Ray Castro, a healthcare analyst with New Jersey Policy Perspective, suggested the state could do more to ensure marketplace insurance plans are designed to keep out-of-pocket costs low. The coalition would also like to see the state have greater regulatory control over insurance rates, as some other states do. Insurance companies point out that this is already one of the most heavily regulated states and that rates reflect the cost of care here, which is among the highest nationwide.
“In New Jersey we’re in pretty good shape in that all the essential services are excluded from the deductible” under marketplace plans, Castro said, “but you still have cost sharing and if the cost sharing is too high, that’s going to be a problem.”
[related]Surprise billing is another priority for the coalition. Members support a highly controversial measure (A-1952/S-1285) that requires greater disclosure from insurance companies, places caps on certain charges, establishes a dispute-resolution system, and provides other consumer protections. An assembly version was approved in June by a committee governing insurance issues and coalition members are pushing for more action this fall.
Johanna Calle, a program coordinator with the NJ Alliance for Immigrant Justice, said that even with an insurance card it can be hard to find a provider that will take a specific plan is accessible by public transportation and, in many cases, speaks a patient’s language. And if one family is turned away, that news travels fast through the community, she said. “We always just send them to the FQHC (Federally Qualified Health Centers), which treat patients regardless of insurance or citizenship status,” she said.
Castro said the coalition is looking at options to help consumers who currently earn too much to qualify for Medicaid, but are struggling to make the marketplace plans work financially. Ideas include a state-administered health plan similar to Medicaid to cover these patients, or a public health insurance plan, operated by a government agency, to compete with private plans on the marketplace. Another goal is to expand Family Care to include all children under a certain economic threshold, regardless of immigration status.
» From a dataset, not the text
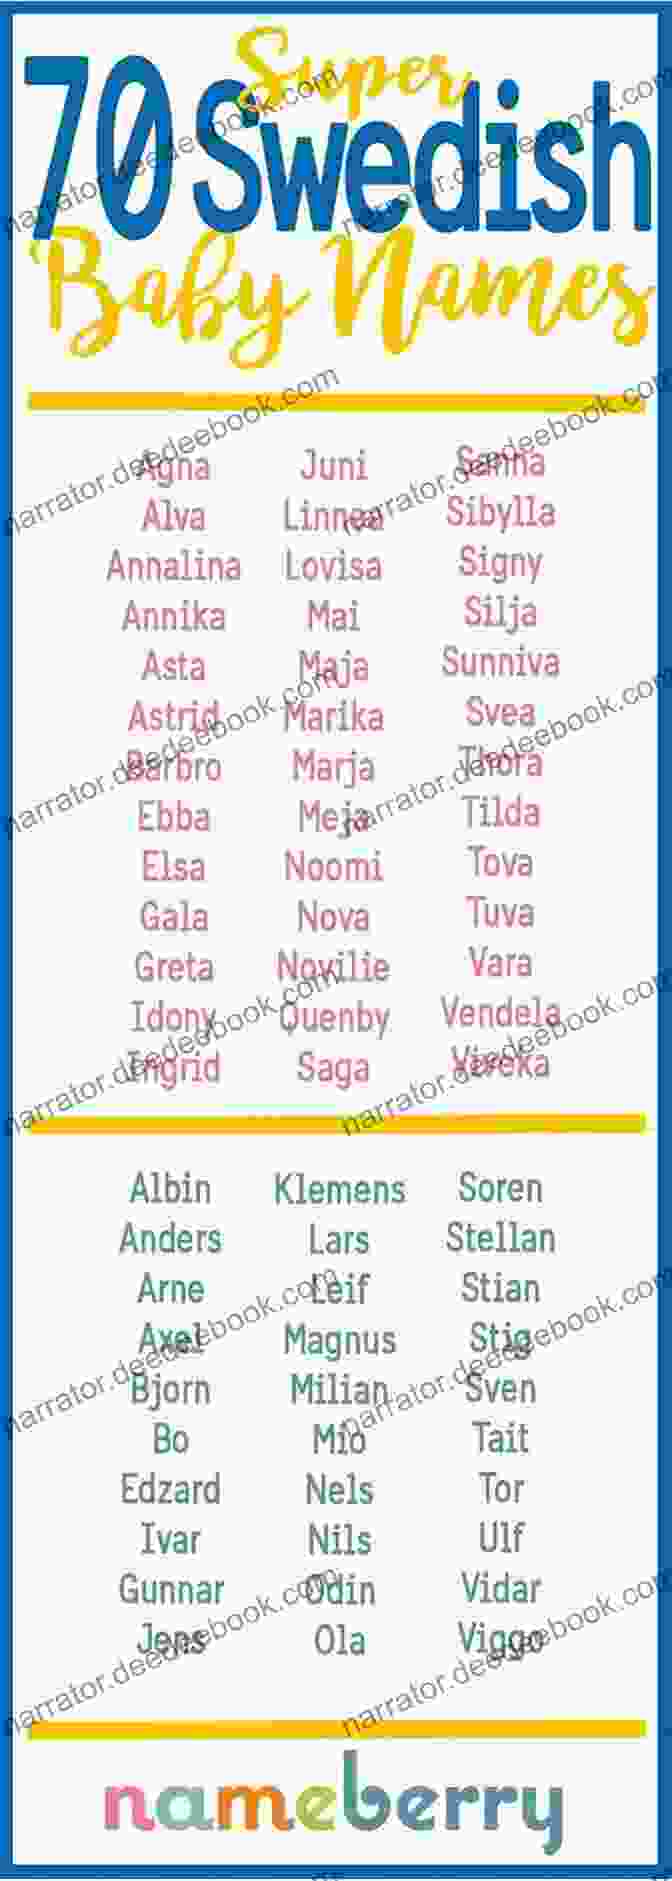 Swedish Baby Names Are Rich In History And Meaning, Evoking The Beauty Of The Scandinavian Landscape And Culture. Swedish Baby Names: Names From Sweden For Girls And Boys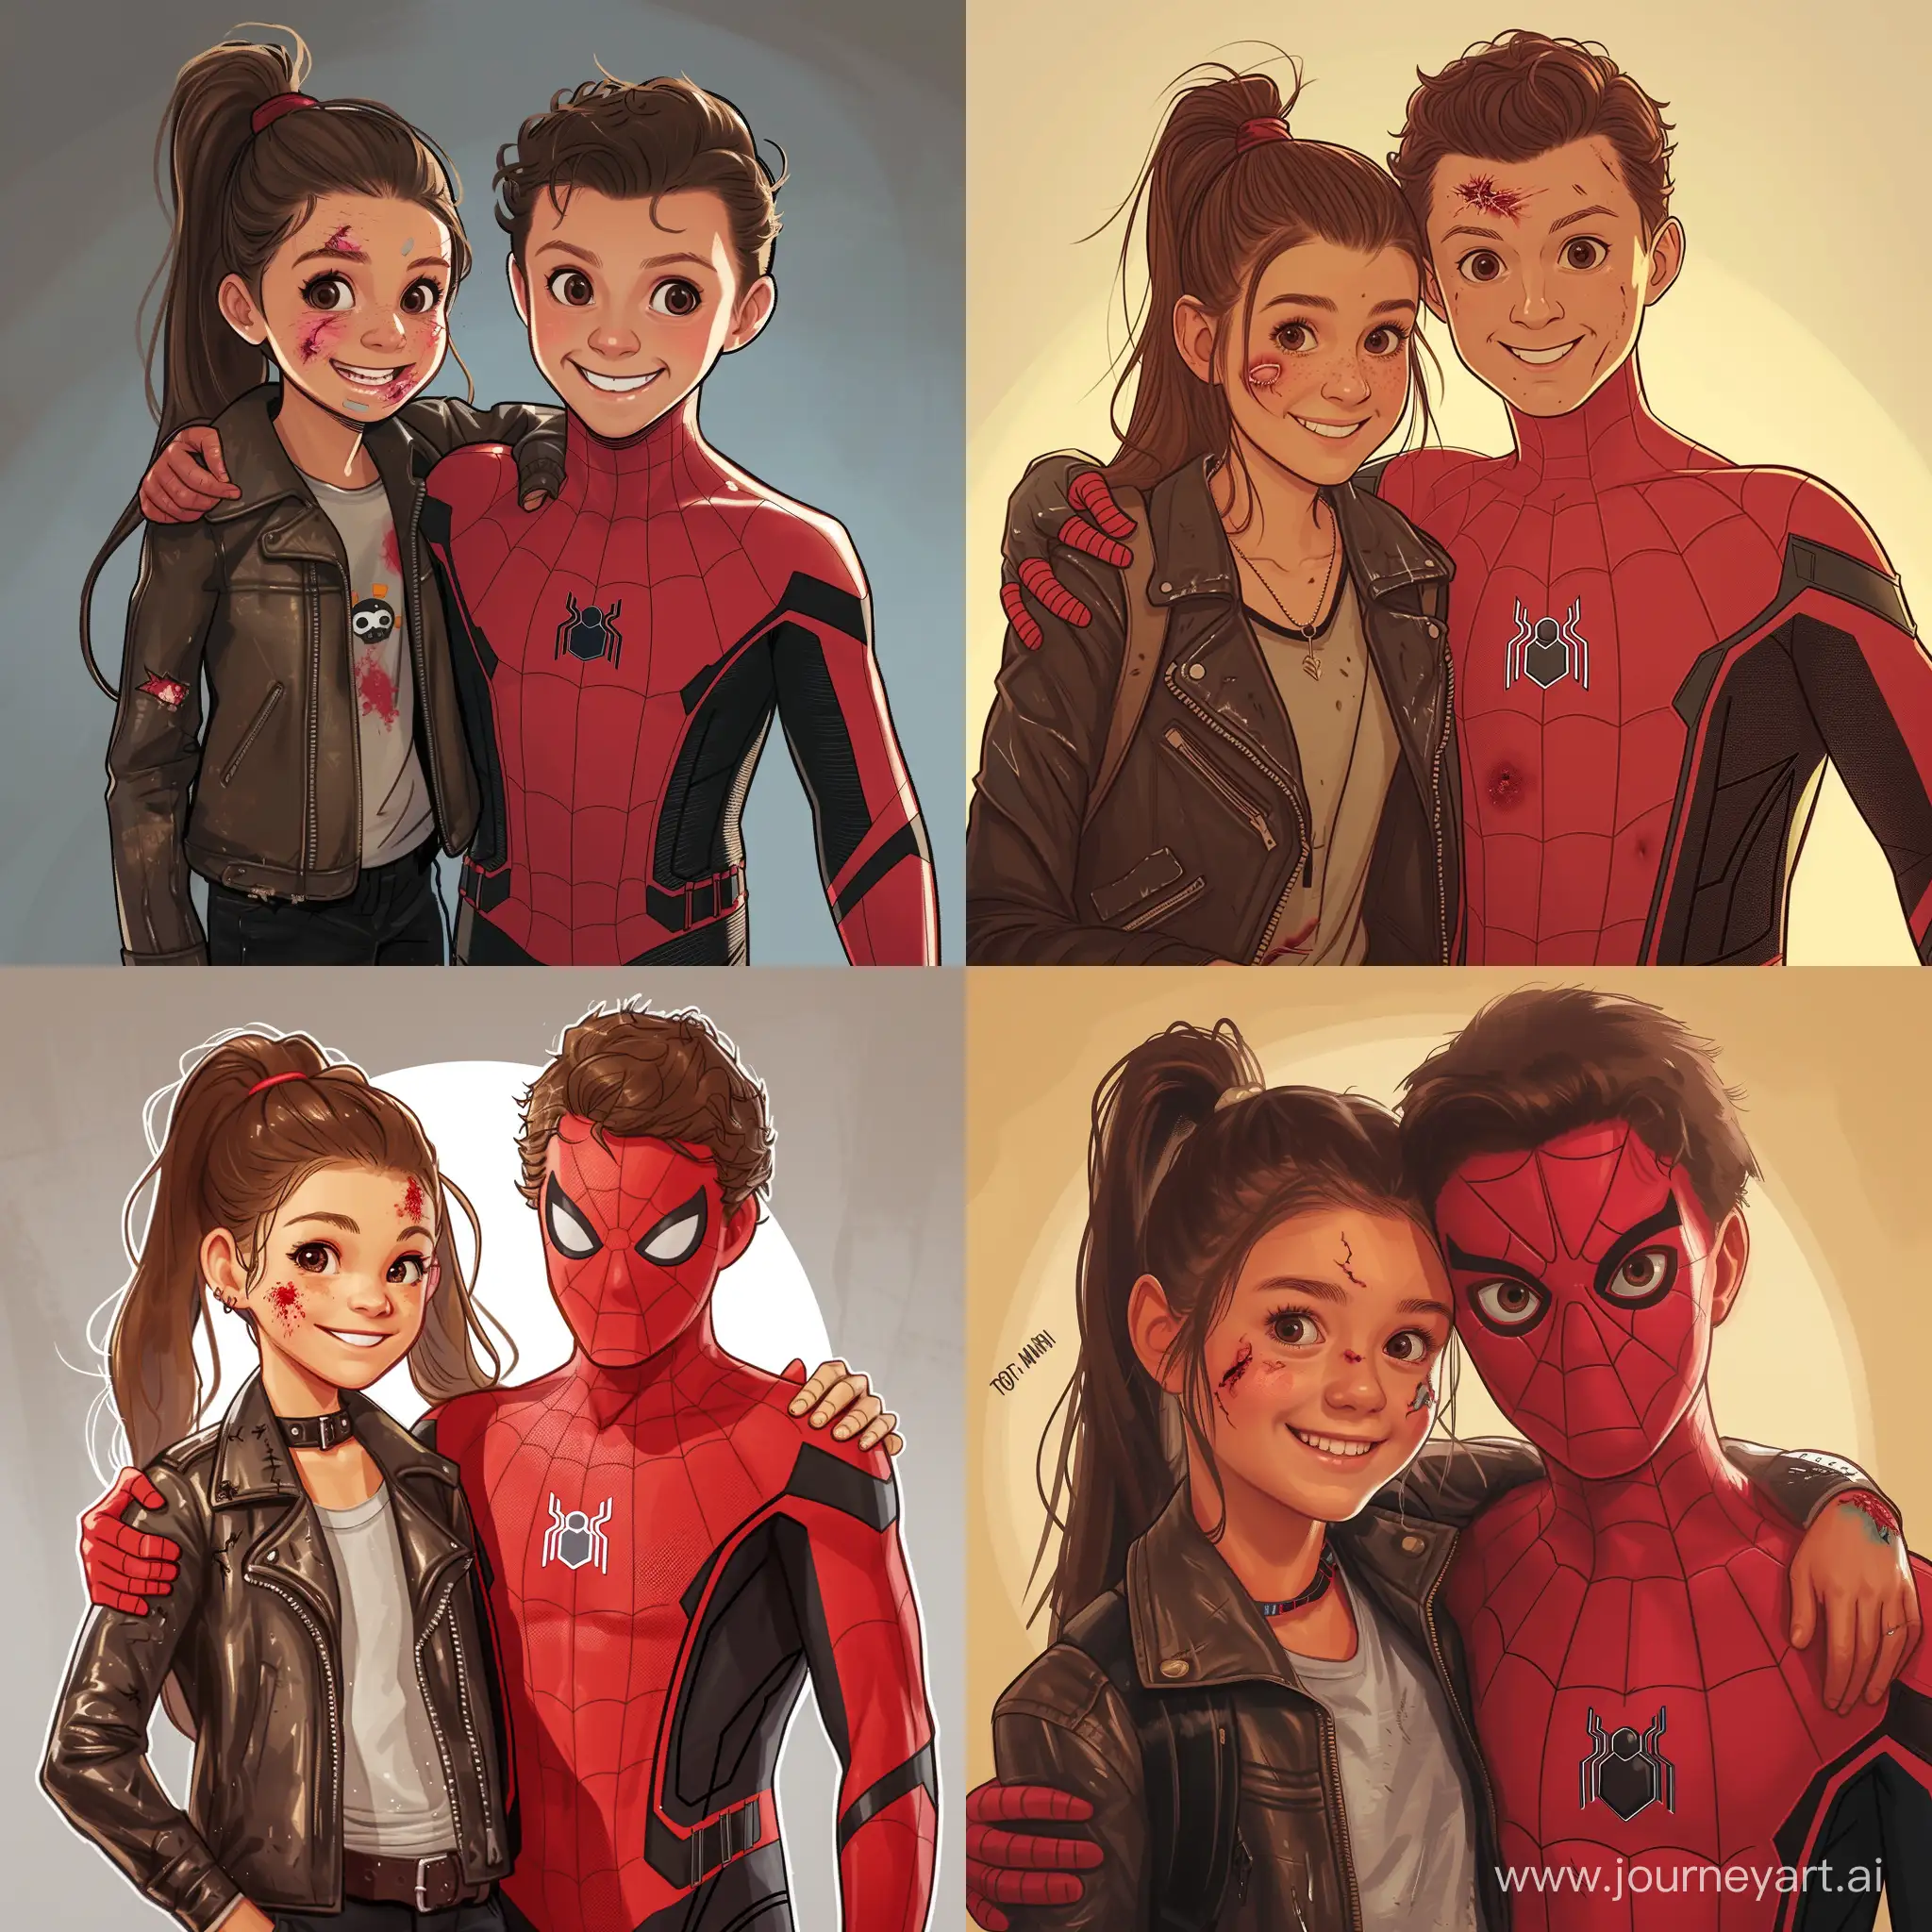 Adventurous-Teen-Girl-with-SpiderMan-Smirking-BrownHaired-Girl-and-Tom-Hollands-SpiderMan-in-Leather-Jacket-and-Ripped-Suit

Castro said such an effort would generate significant savings over time, but the upfront costs make these options politically challenging.
Even Medicaid has its problems, speakers noted. Access to care for those with government insurance is also blocked by a chronic lack of providers who will accept Medicaid, which reimburses them at far lower rates than private insurance plans. Spielberg, with Legal Services, described “phantom networks” in which a website might list 30 primary-care providers that claim to take the government plan, when in fact only a handful actually do – and several who these doctors have poor patient ratings.
Most important is keeping people healthy, explained Kwaku Gyekye, director of population health for RWJ Barnabas and Jersey City Medical Center. Instead of investing in hospital systems alone, he said more needs to be spent on ensuring people with chronic diseases get well and keeping communities healthy, with options for fresh food, exercise, and safe, nontoxic surroundings.
“We’ve more or less flipped it over,” Gyekye said, so the hospital is no longer the central focus. Helping patients pay for transportation to a checkup, or rewarding them with a gift card for monitoring their blood pressure can help empower patients and provide better outcomes, he said. “It still is possible to increase quality and decrease cost,” he said. “It can be done. It’s just having the commitment and doing it.”